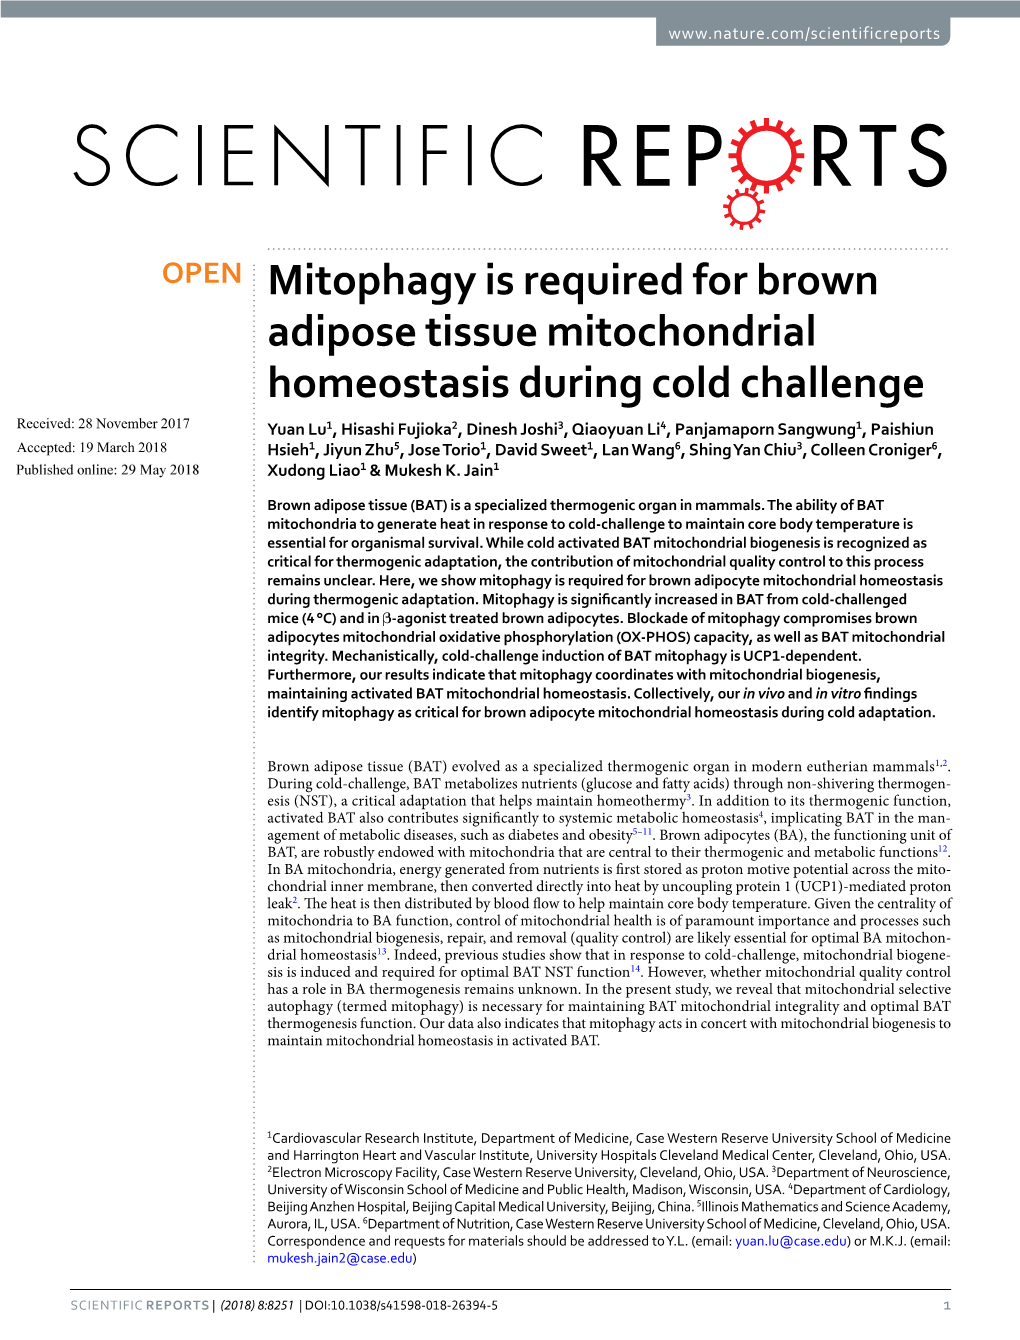 Mitophagy Is Required for Brown Adipose Tissue Mitochondrial
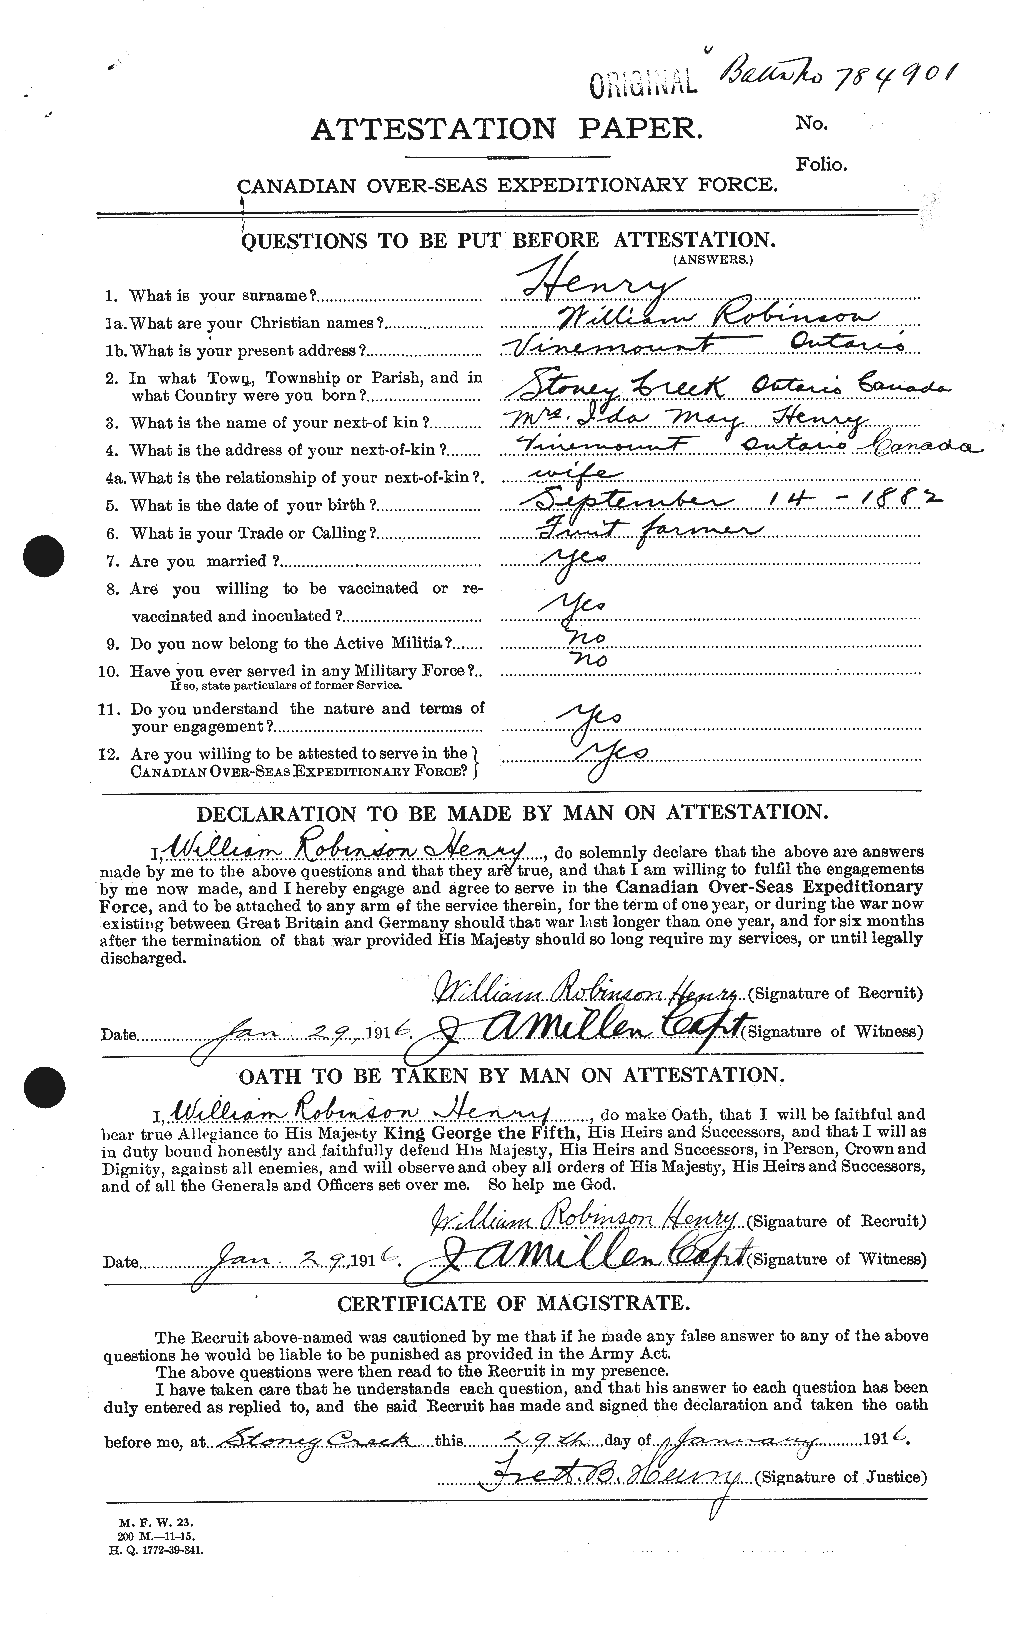 Personnel Records of the First World War - CEF 387797a
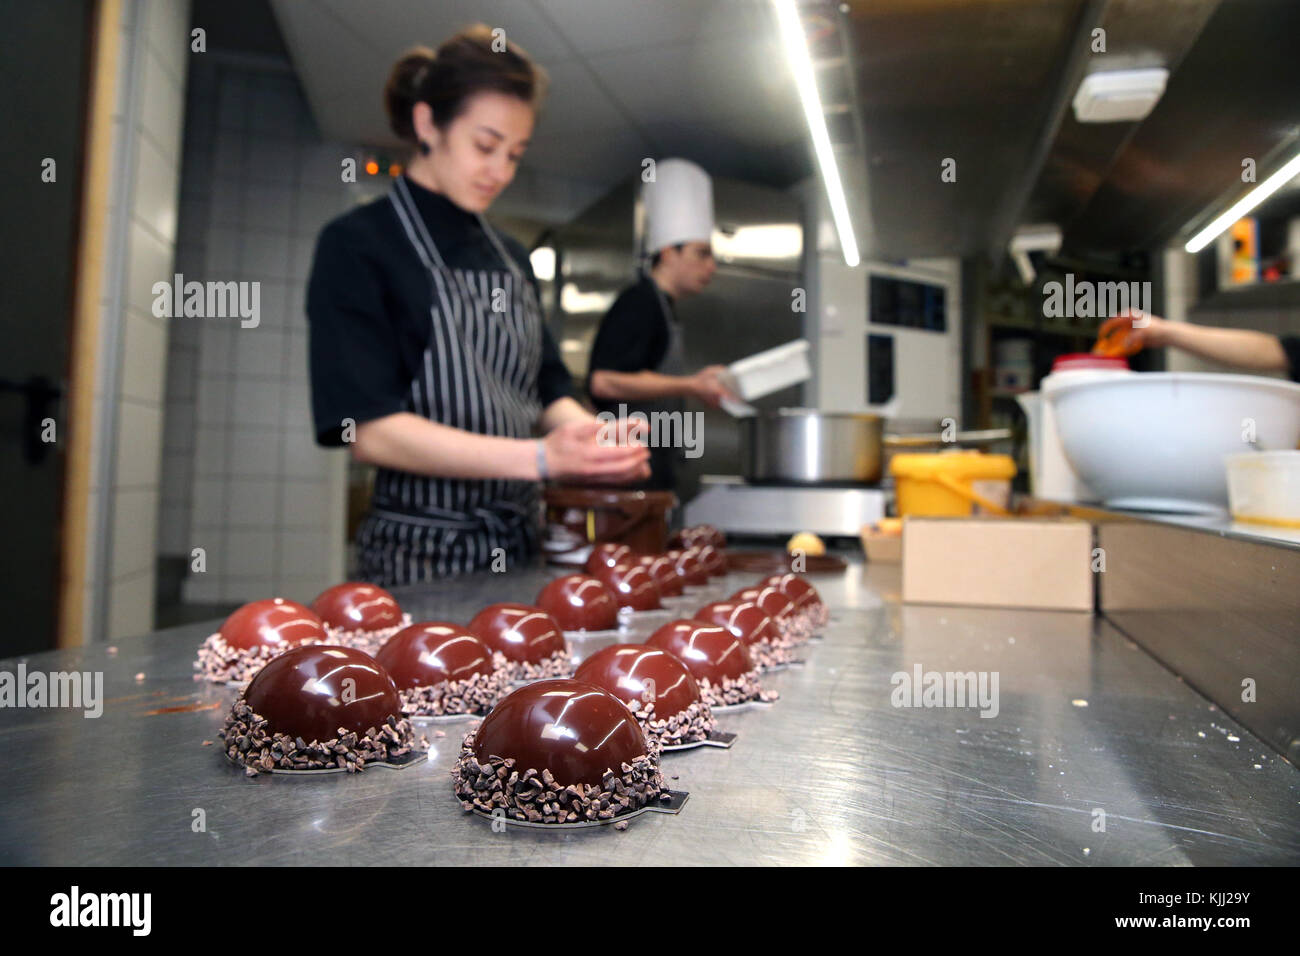 Bakery.  Chocolate cake  dessert being prepared in kitchen.  France. Stock Photo
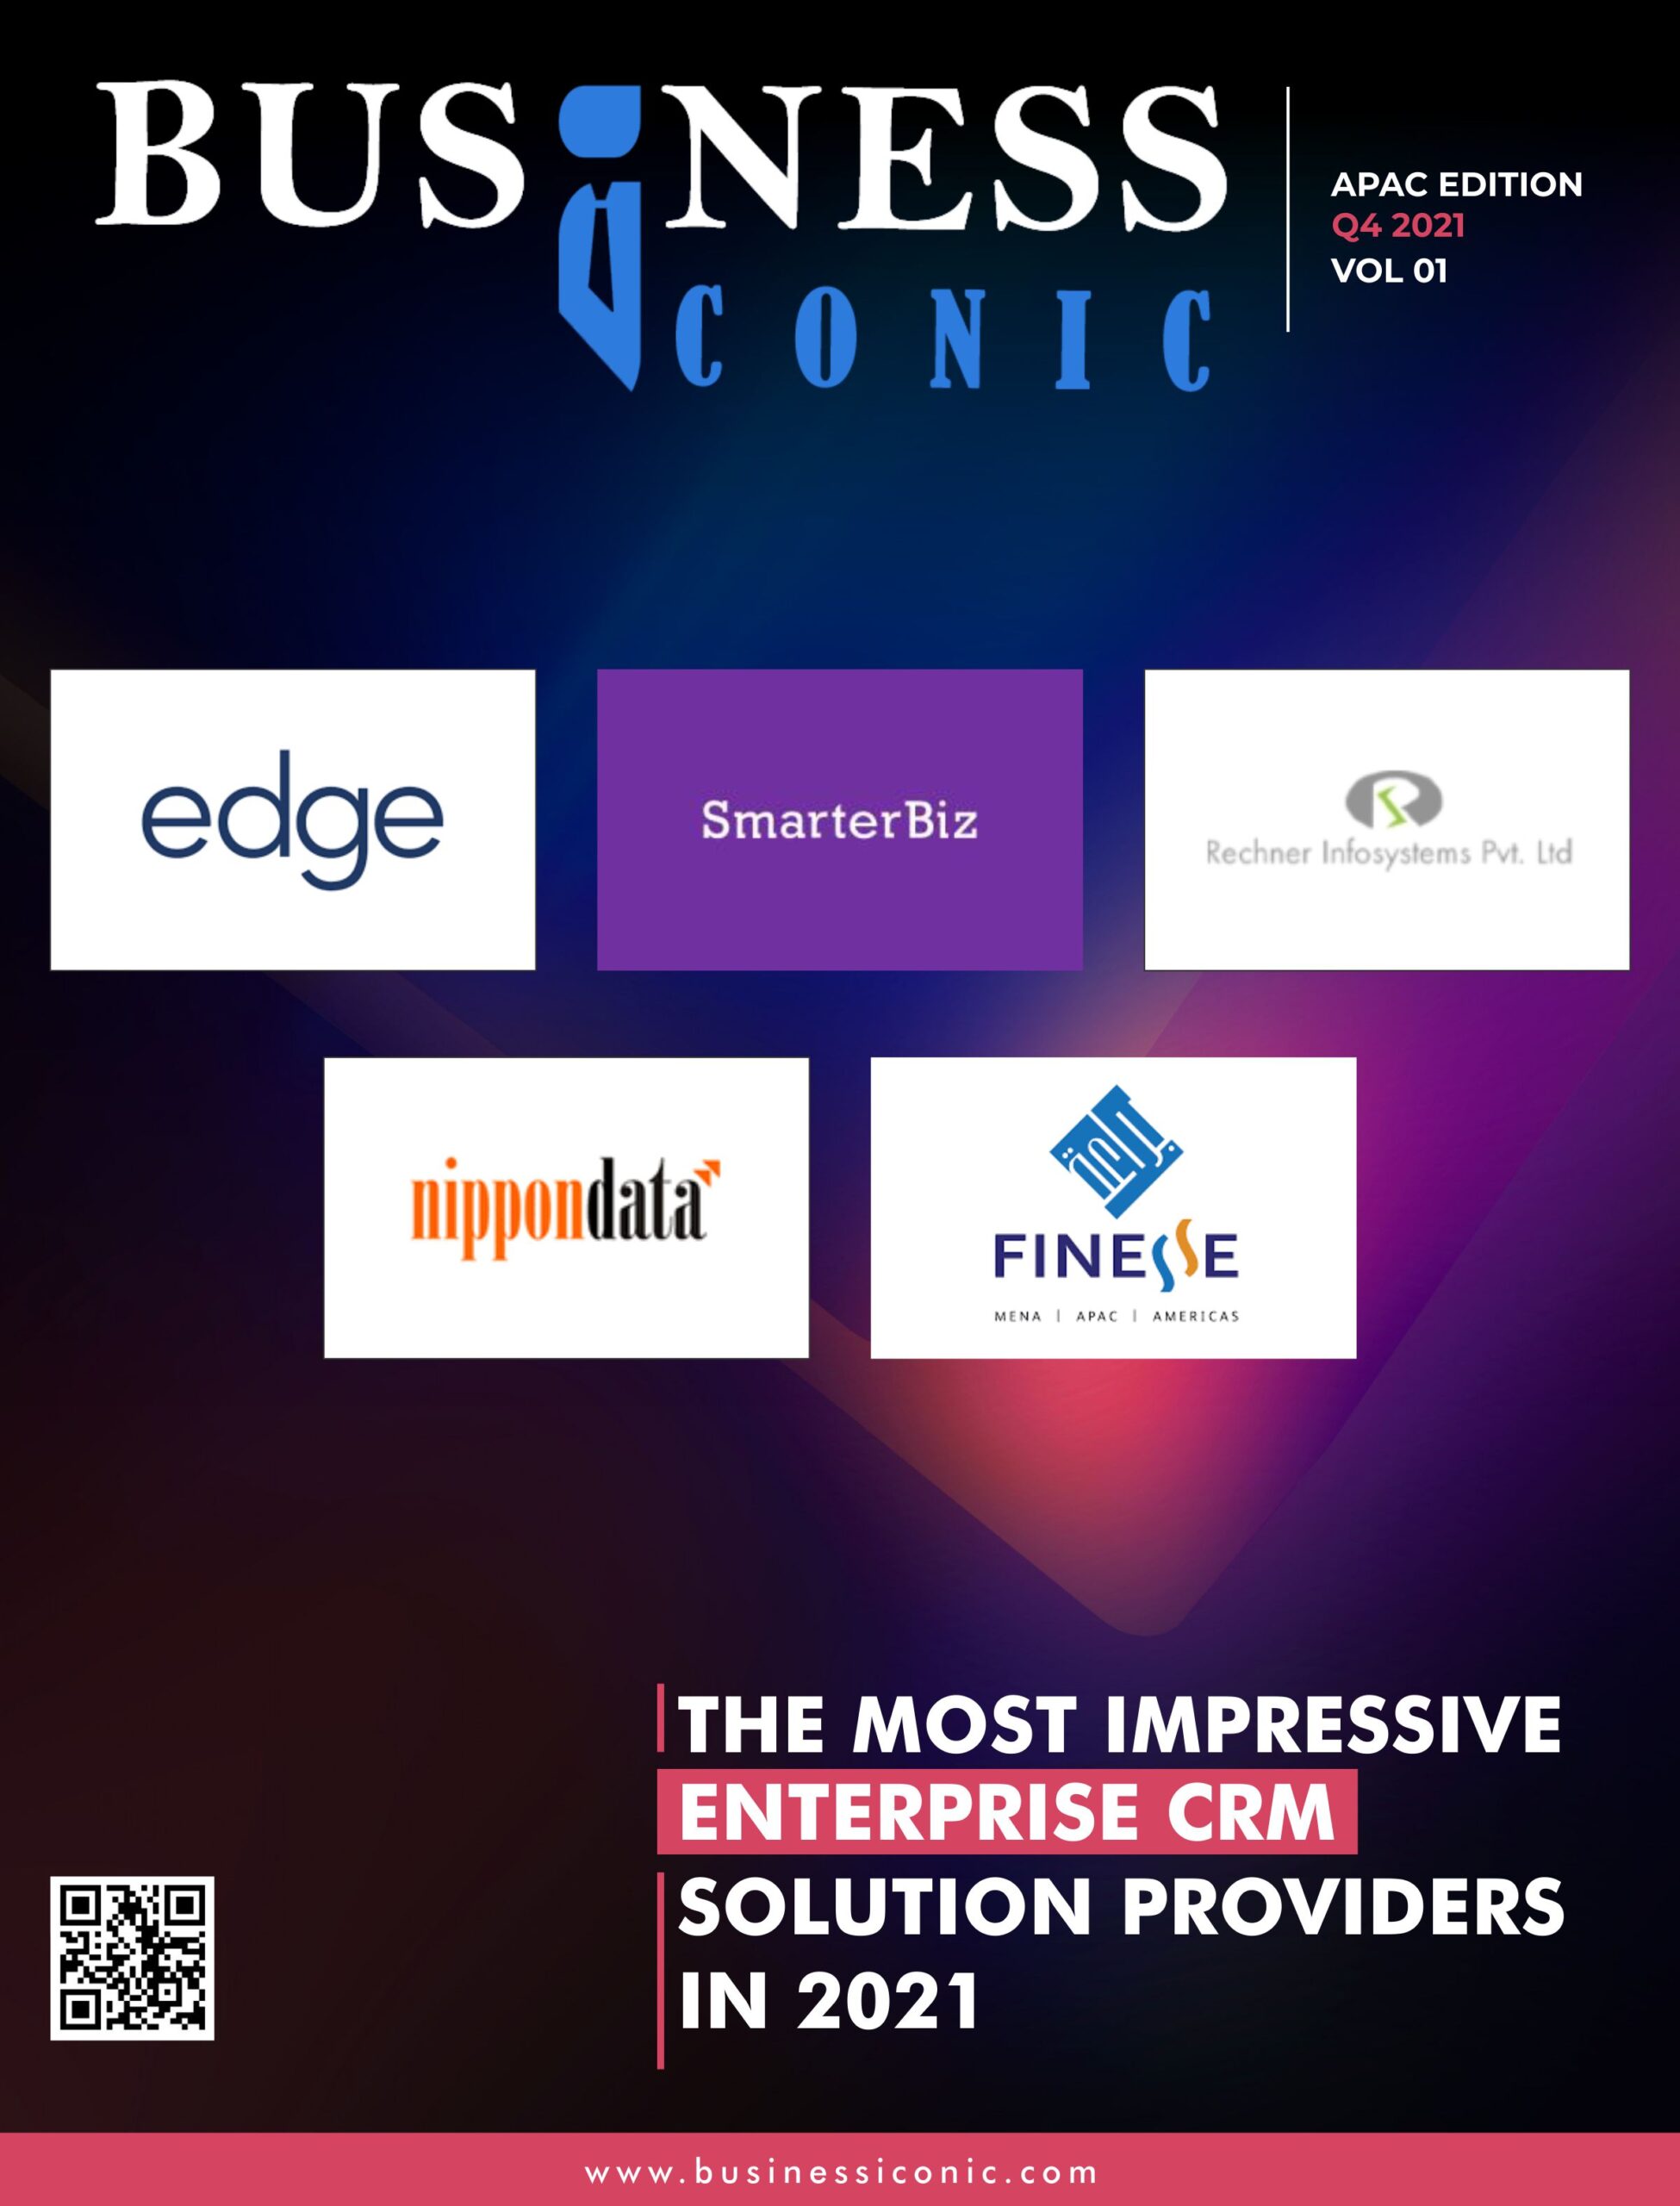 The Most Impressive Enterprise CRM Solution Providers In 2021 | Business Iconic
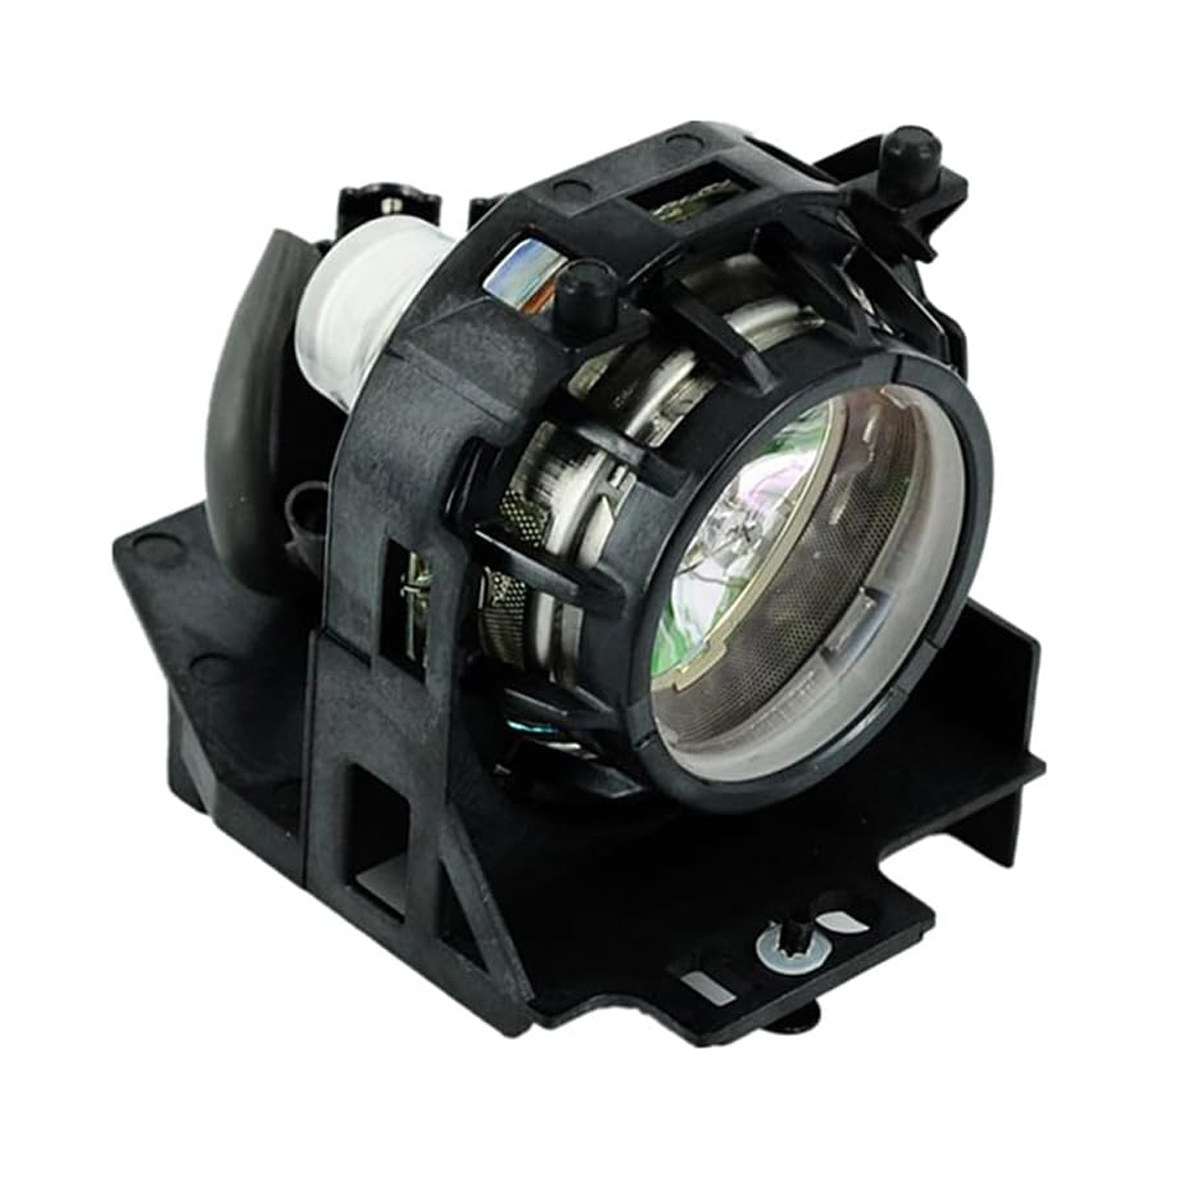 Replacement Projector lamp DT00621 For Hitachi CP-S235 HS900

* _ACTION ITEM_
Give back an exact repeat of the lines from the top of the data through the line that holds "The Most Impressive", both included, and omit pictures.

* _RESPONSE AREA_
 Mitophagy Is Required for Brown Adipose Tissue Mitochondrial
 Personnel Records of the First World War - CEF 387797a
 Bakery.  Chocolate cake  dessert being prepared in kitchen.  France. Stock Photo
 The Most Impressive Enterprise CRM Solution Providers In 2021 | Business Iconic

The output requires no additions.